Katz Ran, Ahmed Muhamad Abu, Safadi Ali, Abu Nasra Wasiem, Visoki Alexander, Huckim Michael, Elias Ibrahim, Nuriel-Ohayon Meital, Neuman Hadar
Department of Urology Ziv Medical Center Safed Israel.
Azrieli Faculty of Medicine Bar-Ilan University Safed Israel.
BJUI Compass. 2021 Sep 7;3(1):55-61. doi: 10.1002/bco2.104. eCollection 2022 Jan.
To characterize the fecal microbiome in newly diagnosed prostate cancer patients.

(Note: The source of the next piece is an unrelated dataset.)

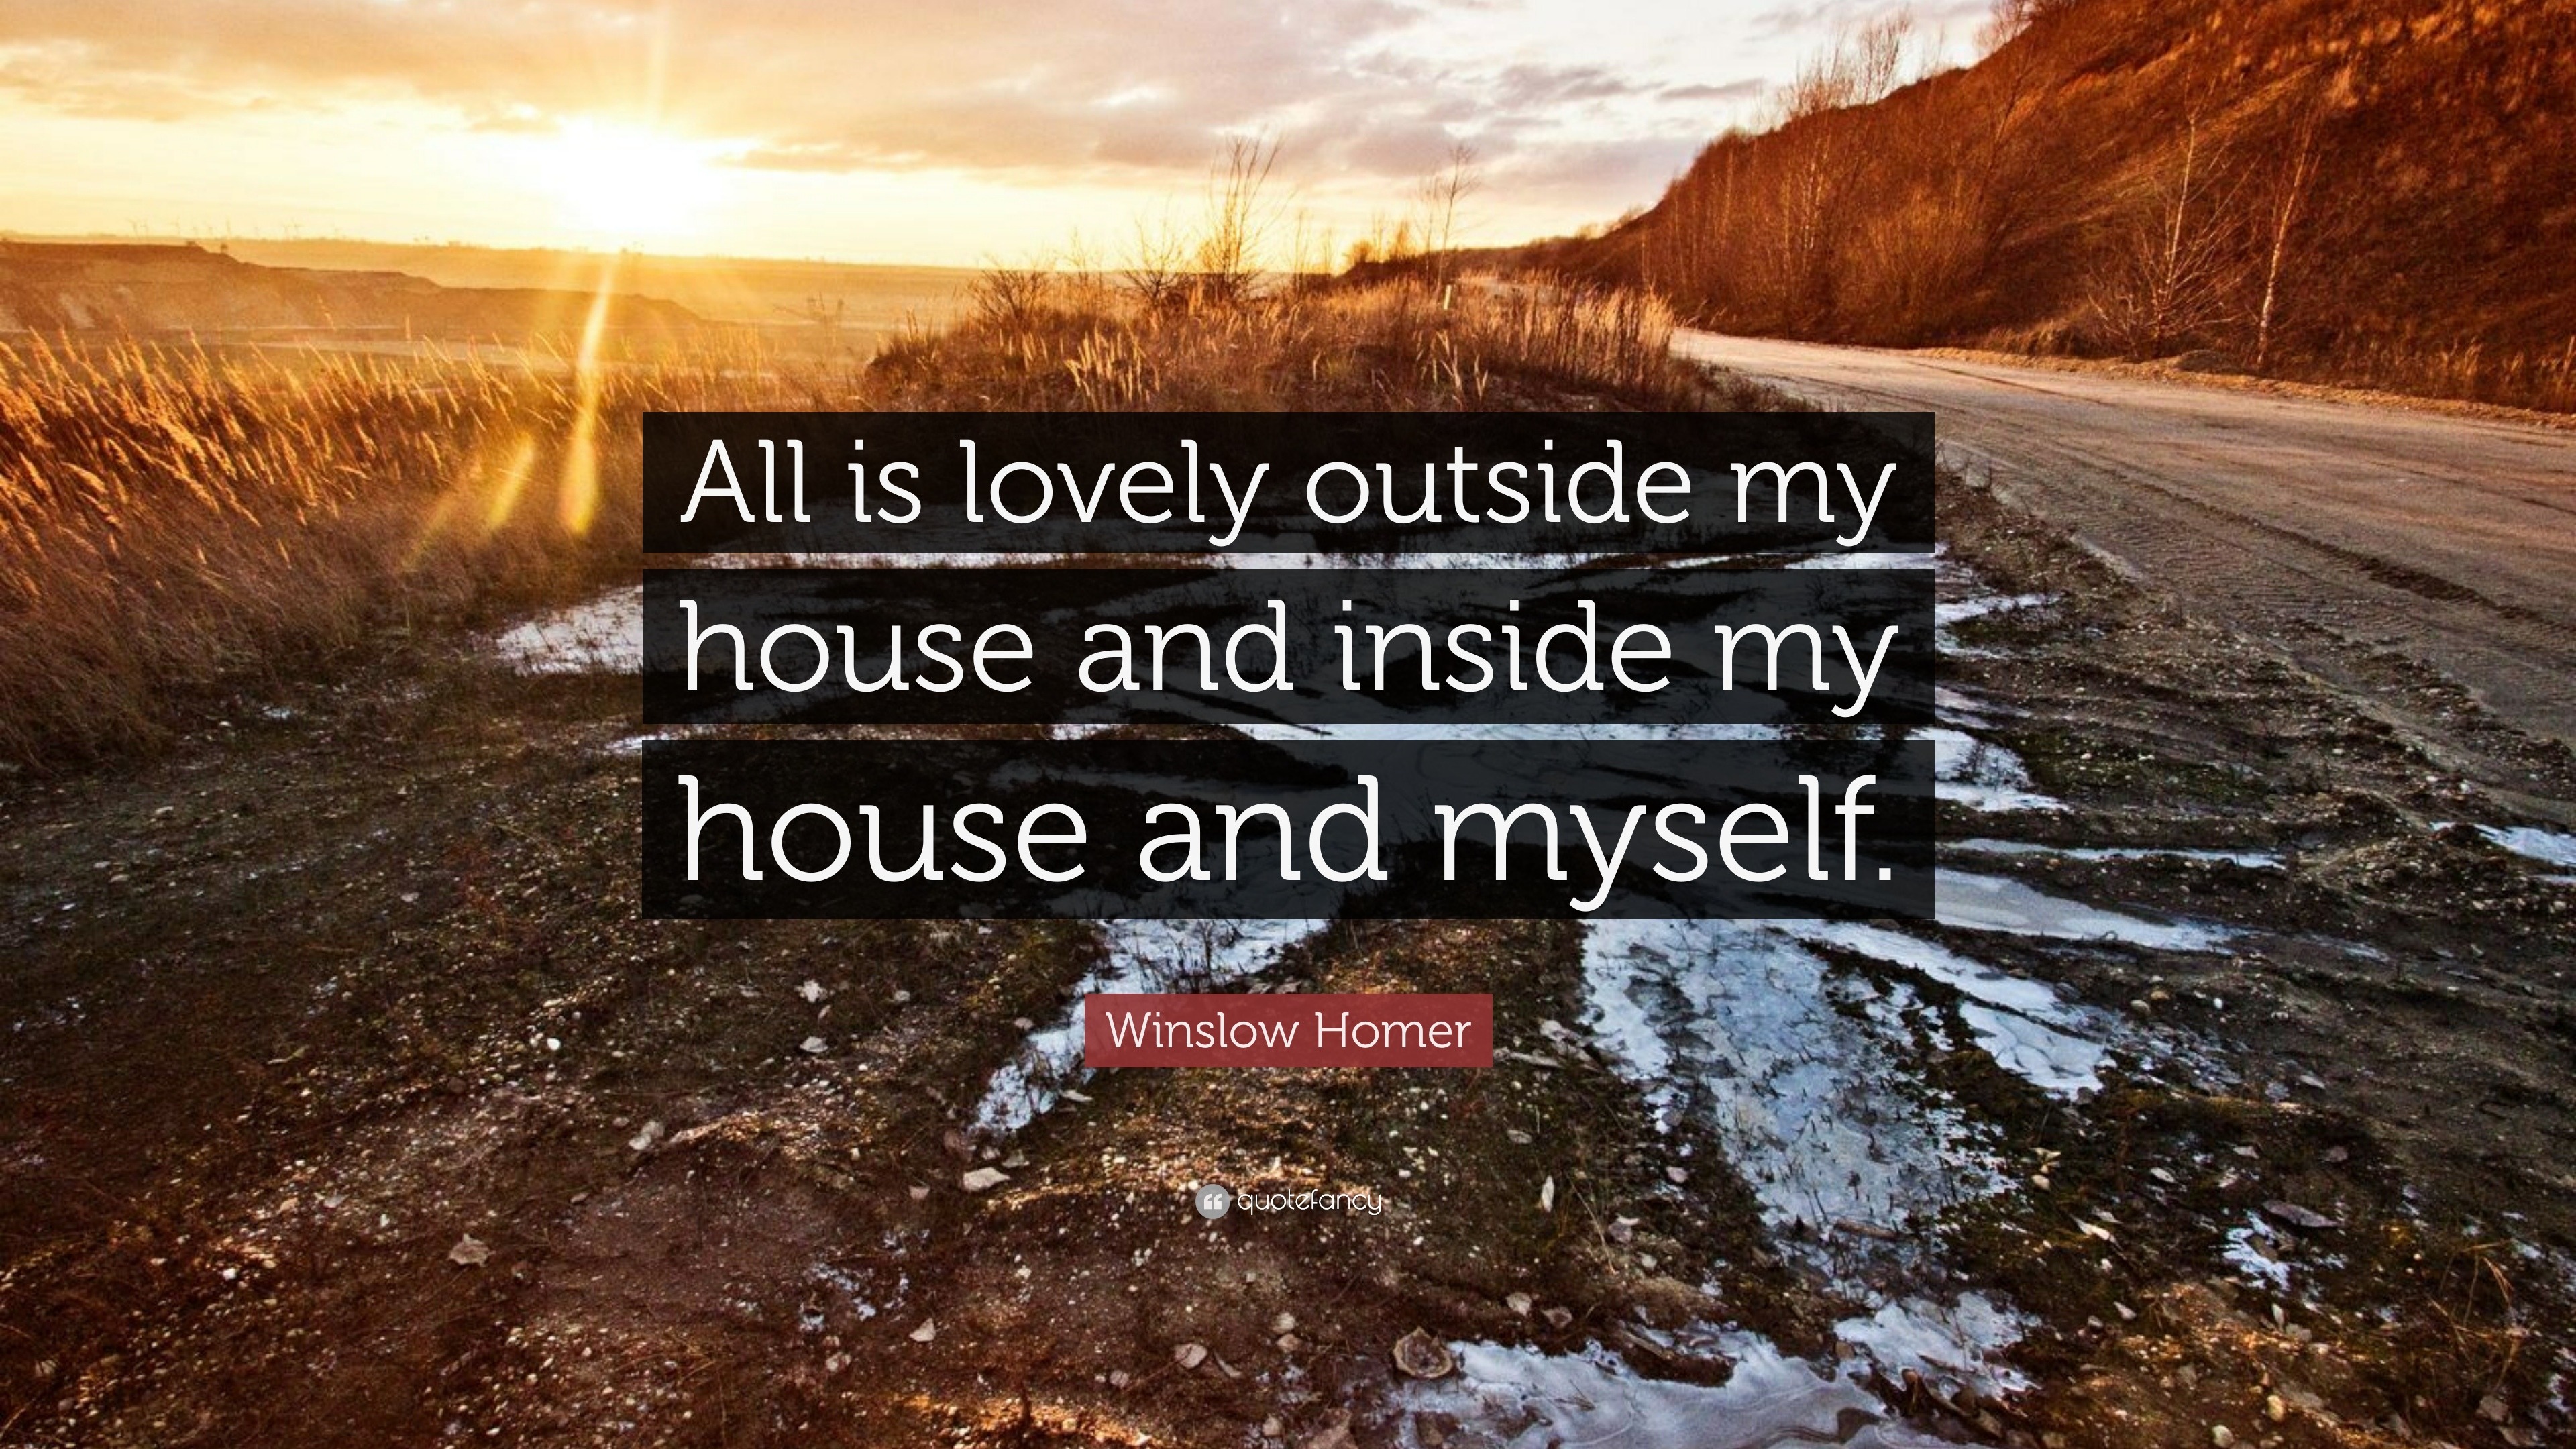 Winslow Homer Quote: “All is lovely outside my house and inside my ...

Forty-nine consecutive patients who were referred for trans rectal prostate biopsy were tested. Patients who received antibiotics 3 months prior to the biopsy, patients with history of pelvic irradiation, prostate or colon cancer, inflammatory bowel disease and urinary tract infection were excluded. A rectal swab was obtained just prior to the biopsy, immediately placed in a sterile tube and kept in -80°C. Sequencing was performed for the 16S rRNA 515F + 806R gene fragment using the QIIME2 software. Analytic tests included Beta diversity (Weighted Unifrac, Unweighted Unifrac, Bray-Curtis), Alpha diversity (Faith, Evenness), Taxa bar plots and PCoA plots.
Forty-five samples were suitable for analysis with at least 8000 readings per sample. All patients were Caucasian. Twenty patients had prostate cancer and 25 had benign prostates (BPH). Among prostate cancer patients, Gleason Score was 3 + 3 in 11 patients, 3 + 4 in 5, 4 + 3 in 3, and 4 + 4 in 2. There was no statistical difference in demographic parameters between the groups. We identified over 1000 bacterial species, typical for the colonic microbiome. No significant differences in bacterial populations were found between prostate cancer versus benign prostate patients nor between age groups or between subgroups of Gleason or International Society of Uro-pathology (ISUP) scores.
Although the microbiome has previously been shown to have an impact on the human microenvironment and cancer risk, we could not demonstrate a significant difference between the flora diversity of newly diagnosed prostate cancer patients and BPH patients. Further research into distinct bacterial metabolic pathways may reveal unique risk factors for prostate cancer.
对新诊断前列腺癌患者的粪便微生物群进行特征分析。
对49例因经直肠前列腺穿刺活检前来就诊的连续患者进行检测。排除活检前3个月内使用过抗生素的患者、有盆腔放疗史、前列腺癌或结肠癌、炎症性肠病及尿路感染史的患者。在活检前获取直肠拭子,立即置于无菌管中,并保存在-80°C环境下。使用QIIME2软件对16S rRNA 515F + 806R基因片段进行测序。分析测试包括β多样性(加权UniFrac、非加权UniFrac、Bray-Curtis)、α多样性(Faith、均匀度)、分类单元柱状图和主坐标分析图。
45个样本适合分析,每个样本至少有8000条读数。所有患者均为白种人。20例患者患有前列腺癌,25例患有良性前列腺增生(BPH)。在前列腺癌患者中,Gleason评分3 + 3的有11例,3 + 4的有5例,4 + 3的有3例,4 + 4的有2例。两组间人口统计学参数无统计学差异。我们鉴定出1000多种典型的结肠微生物群细菌种类。在前列腺癌患者与良性前列腺增生患者之间、年龄组之间、Gleason或国际泌尿病理学会(ISUP)评分亚组之间,细菌种群均未发现显著差异。
尽管此前已证明微生物群对人类微环境和癌症风险有影响,但我们未能证明新诊断前列腺癌患者与BPH患者的菌群多样性存在显著差异。对不同细菌代谢途径的进一步研究可能会揭示前列腺癌的独特危险因素。